"""
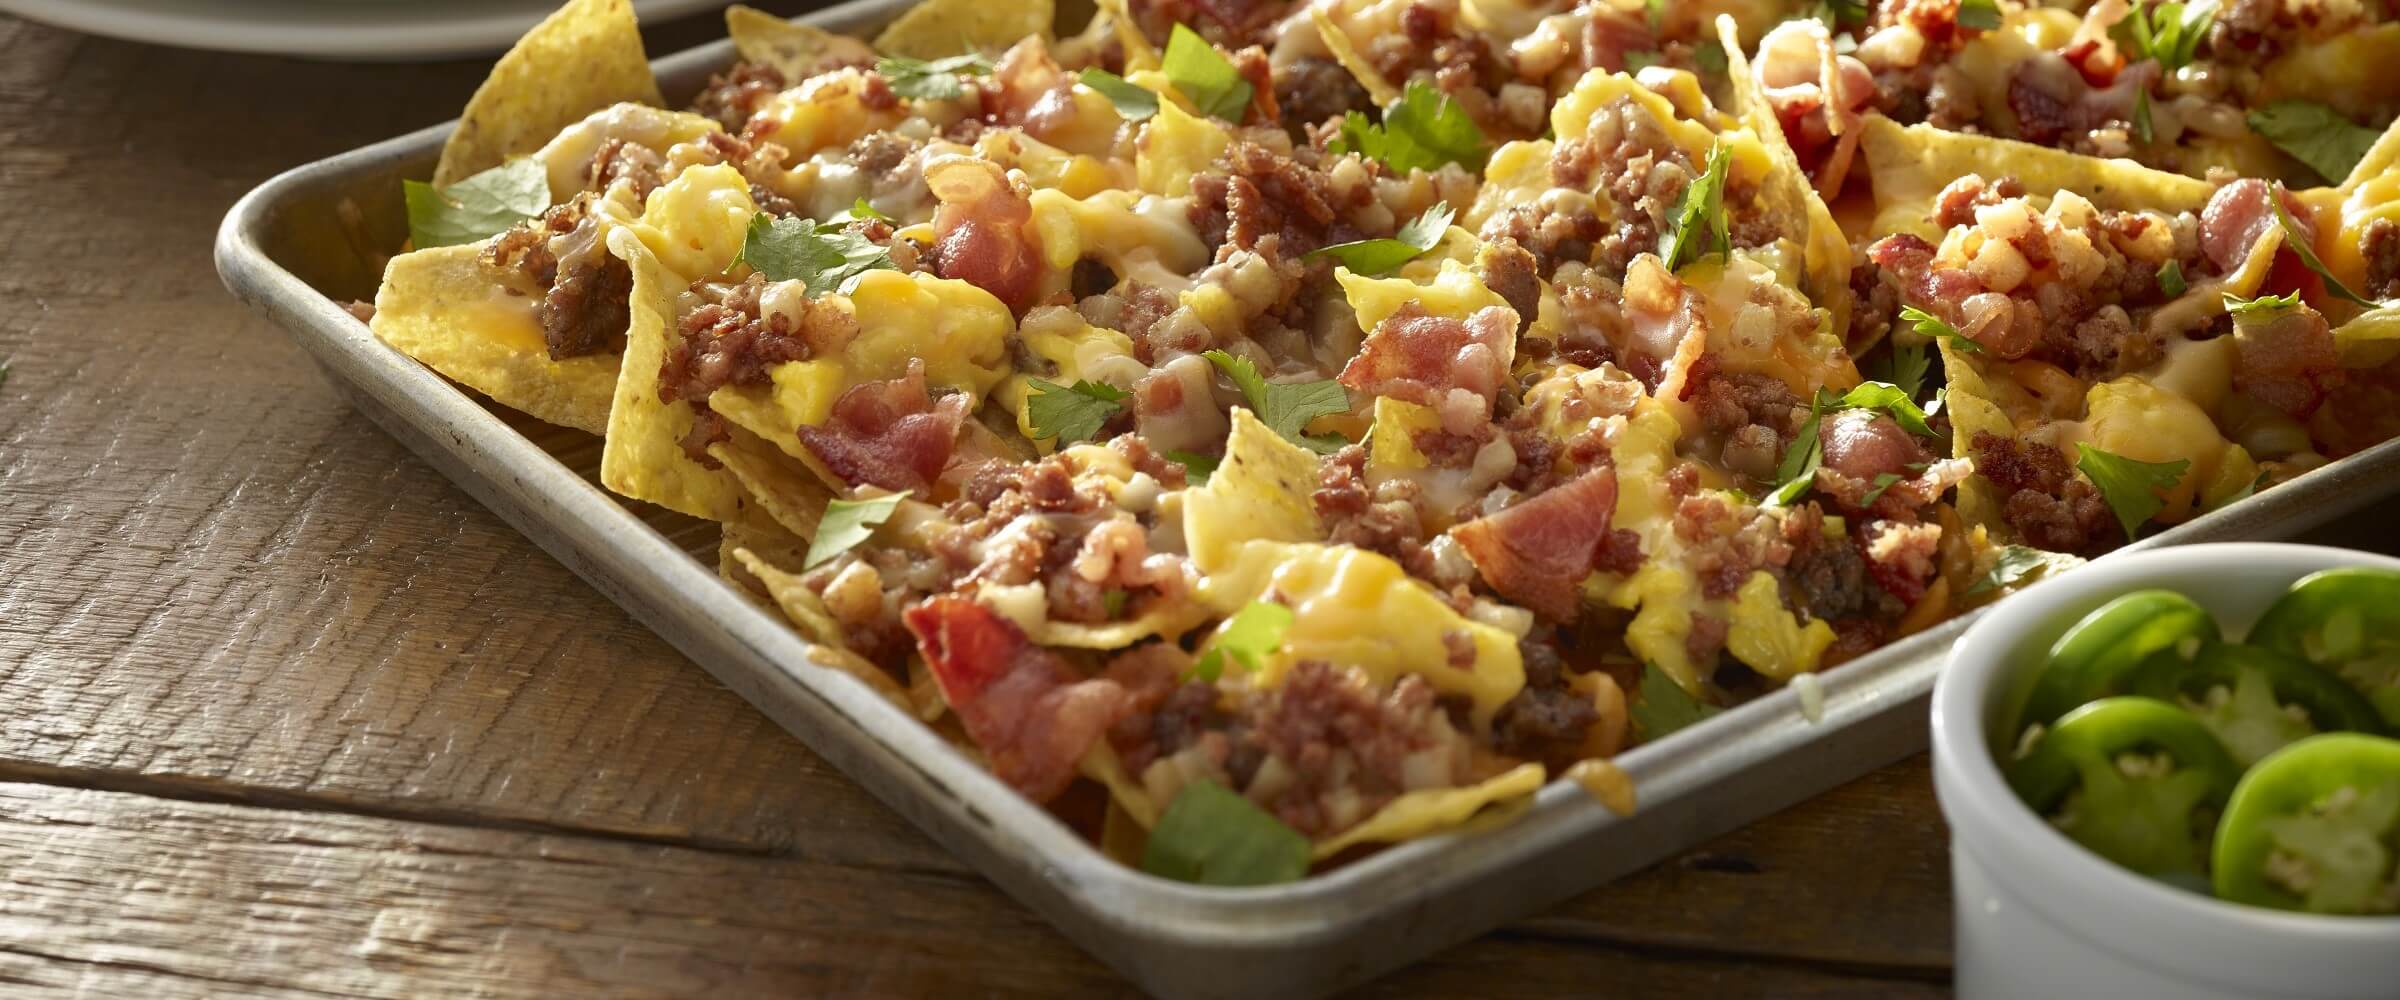 Corned beef hash ultimate nachos on sheet pan with jalapenos
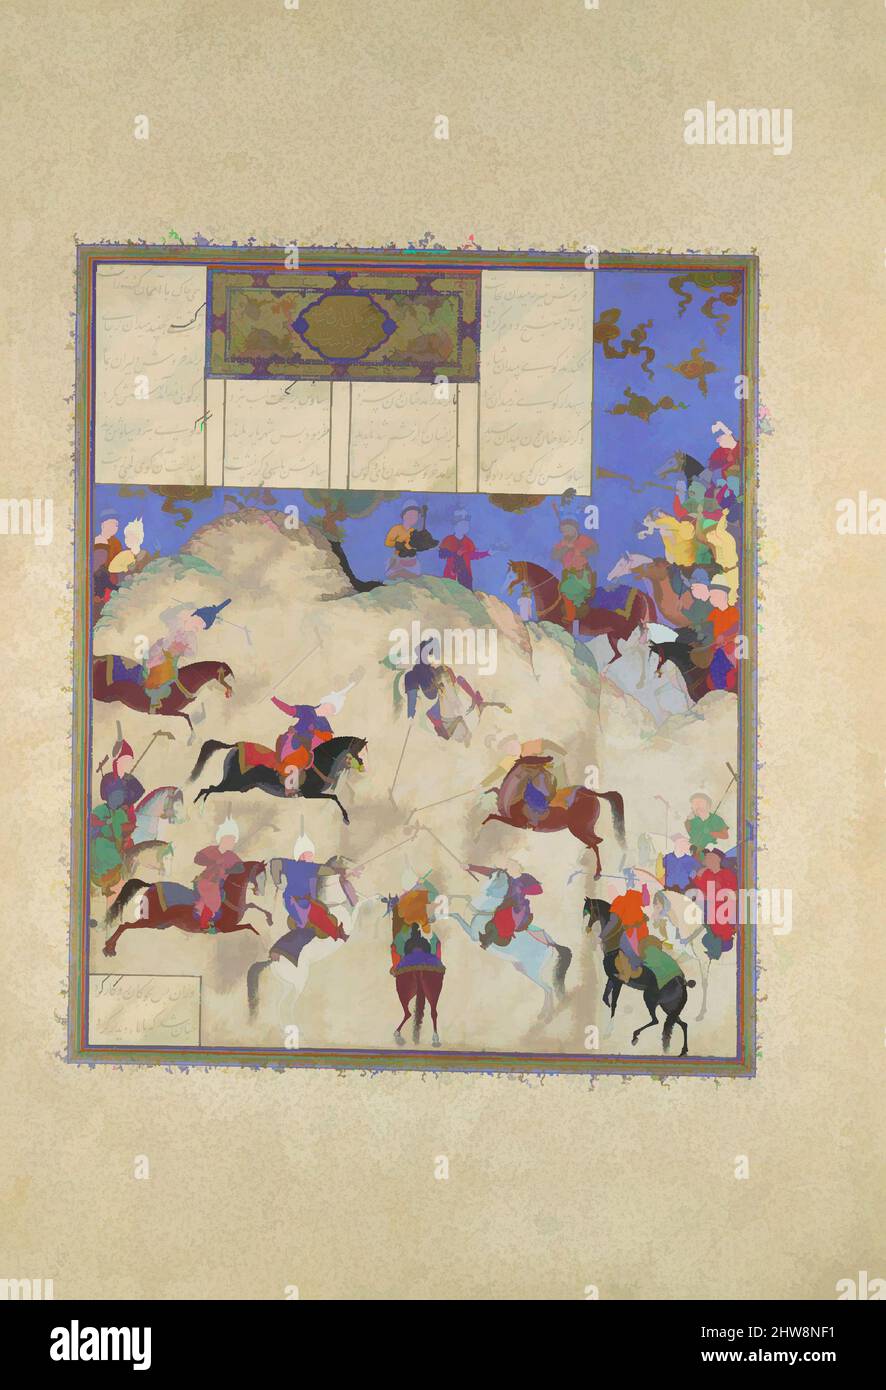 Art inspired by Siyavush Plays Polo before Afrasiyab', Folio 180v from the Shahnama (Book of Kings) of Shah Tahmasp, ca. 1525–30, Made in Iran, Tabriz, Opaque watercolor, ink, silver, and gold on paper, Painting: H. 11 3/16 in. (28.4 cm), Codices, Painting attributed to Qasim ibn 'Ali, Classic works modernized by Artotop with a splash of modernity. Shapes, color and value, eye-catching visual impact on art. Emotions through freedom of artworks in a contemporary way. A timeless message pursuing a wildly creative new direction. Artists turning to the digital medium and creating the Artotop NFT Stock Photo
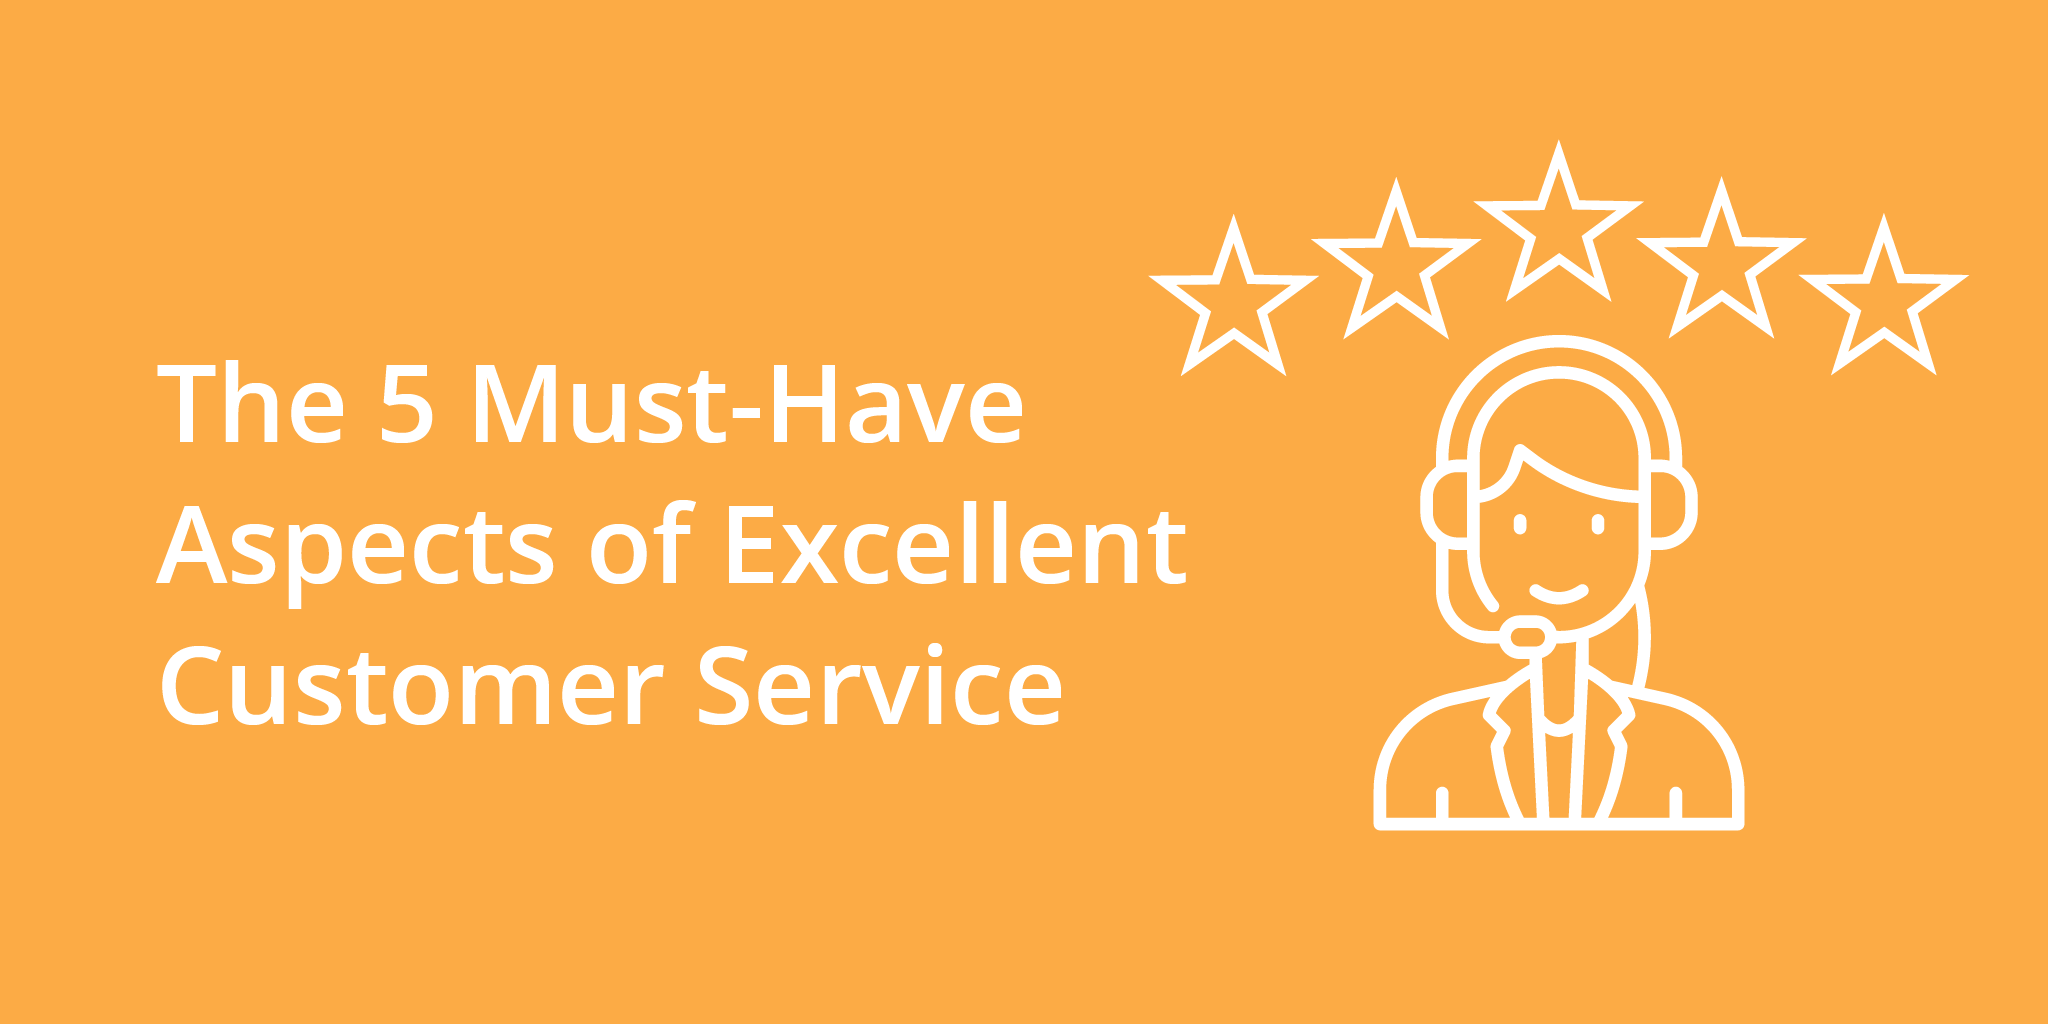 The 5 Must-Have Aspects of Excellent Customer Service | Telephones for business
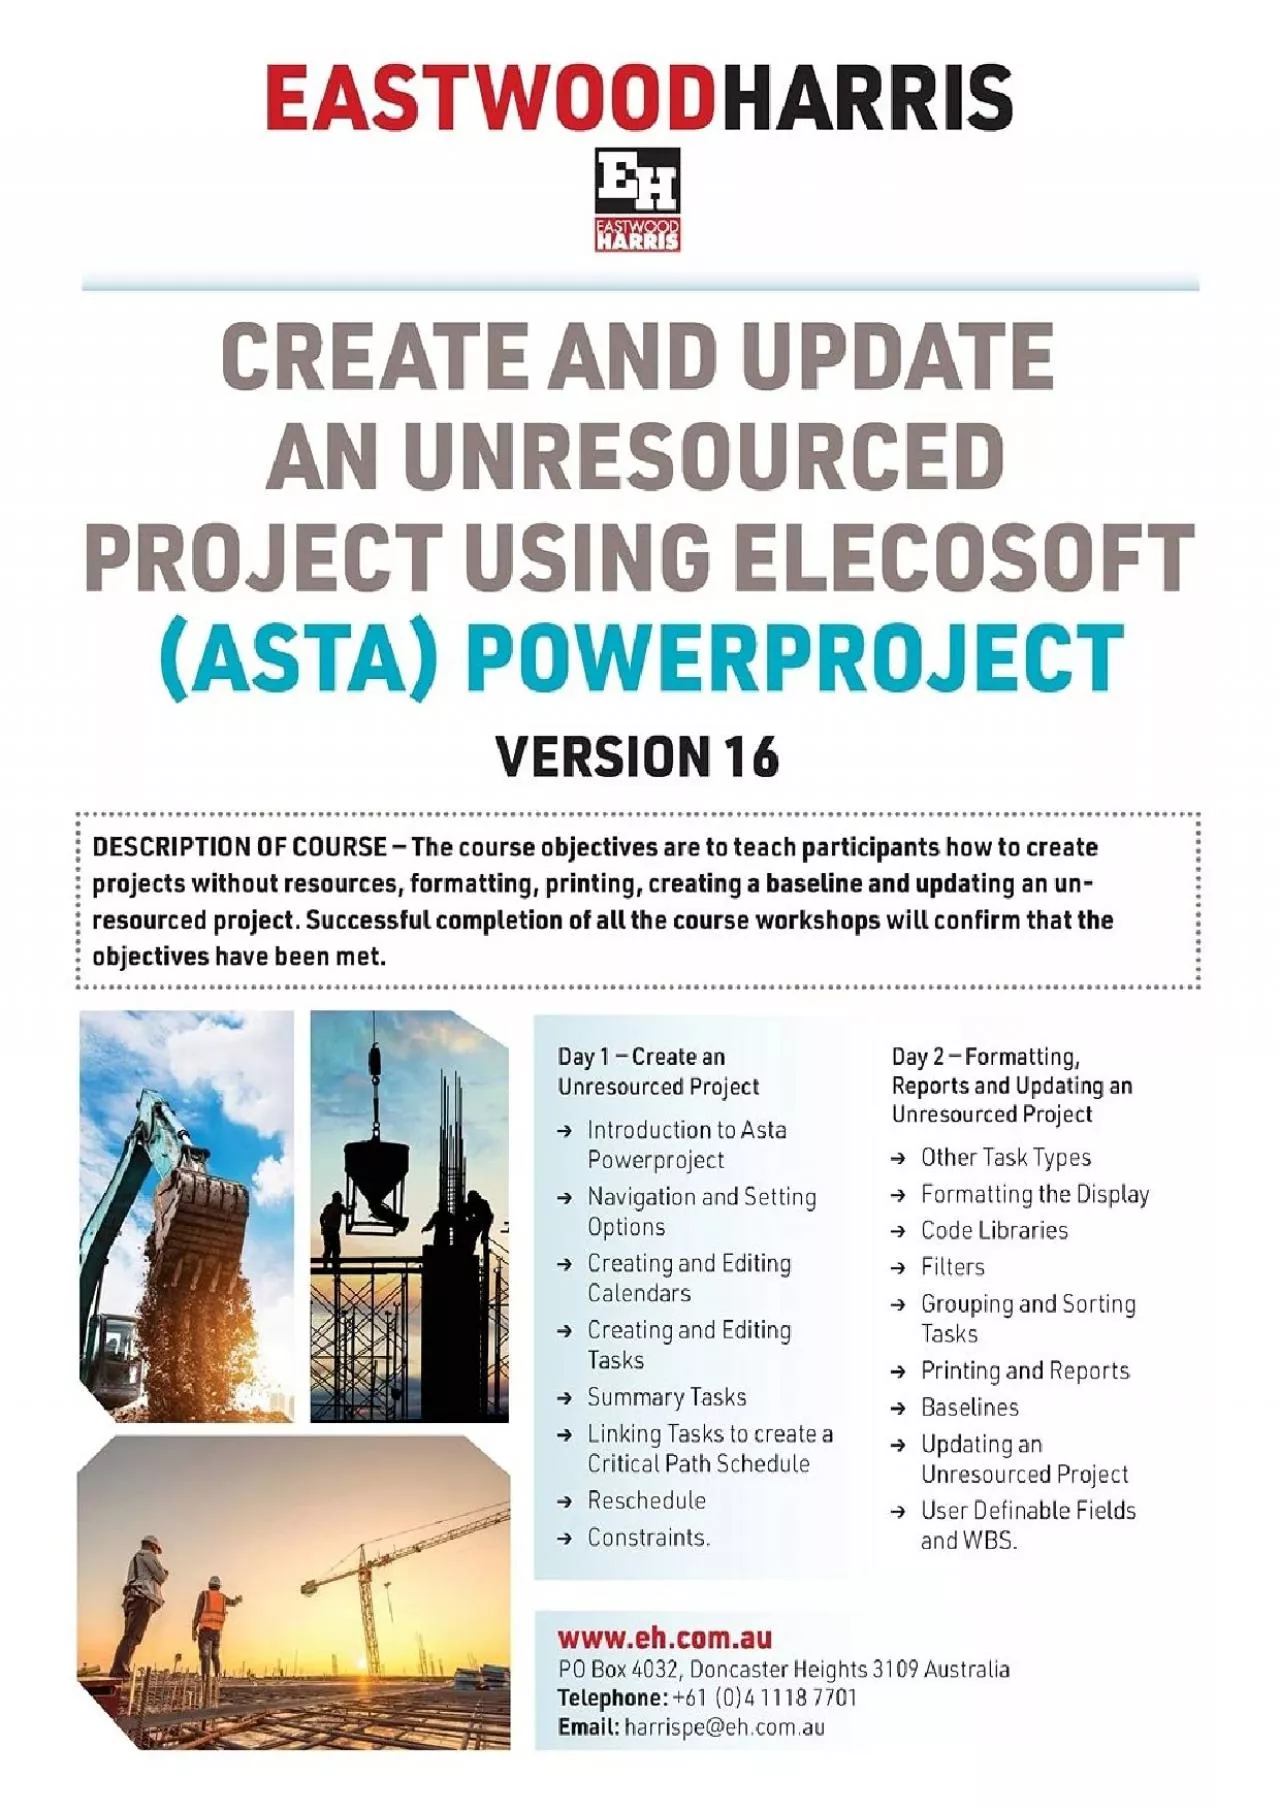 (EBOOK)-Create and Update an Unresourced Project using Elecosoft (Asta) Powerproject Version
"""
• What the task asks: Return the material in full, word for word, and skip the pictures.

• Finished exercise:
 Corned beef hash ultimate nachos on sheet pan with jalapenos
 Art inspired by Siyavush Plays Polo before Afrasiyab', Folio 180v from the Shahnama (Book of Kings) of Shah Tahmasp, ca. 1525–30, Made in Iran, Tabriz, Opaque watercolor, ink, silver, and gold on paper, Painting: H. 11 3/16 in. (28.4 cm), Codices, Painting attributed to Qasim ibn 'Ali, Classic works modernized by Artotop with a splash of modernity. Shapes, color and value, eye-catching visual impact on art. Emotions through freedom of artworks in a contemporary way. A timeless message pursuing a wildly creative new direction. Artists turning to the digital medium and creating the Artotop NFT Stock Photo
 The 5 Must-Have Aspects of Excellent Customer Service | Telephones for business
 (EBOOK)-Create and Update an Unresourced Project using Elecosoft (Asta) Powerproject Version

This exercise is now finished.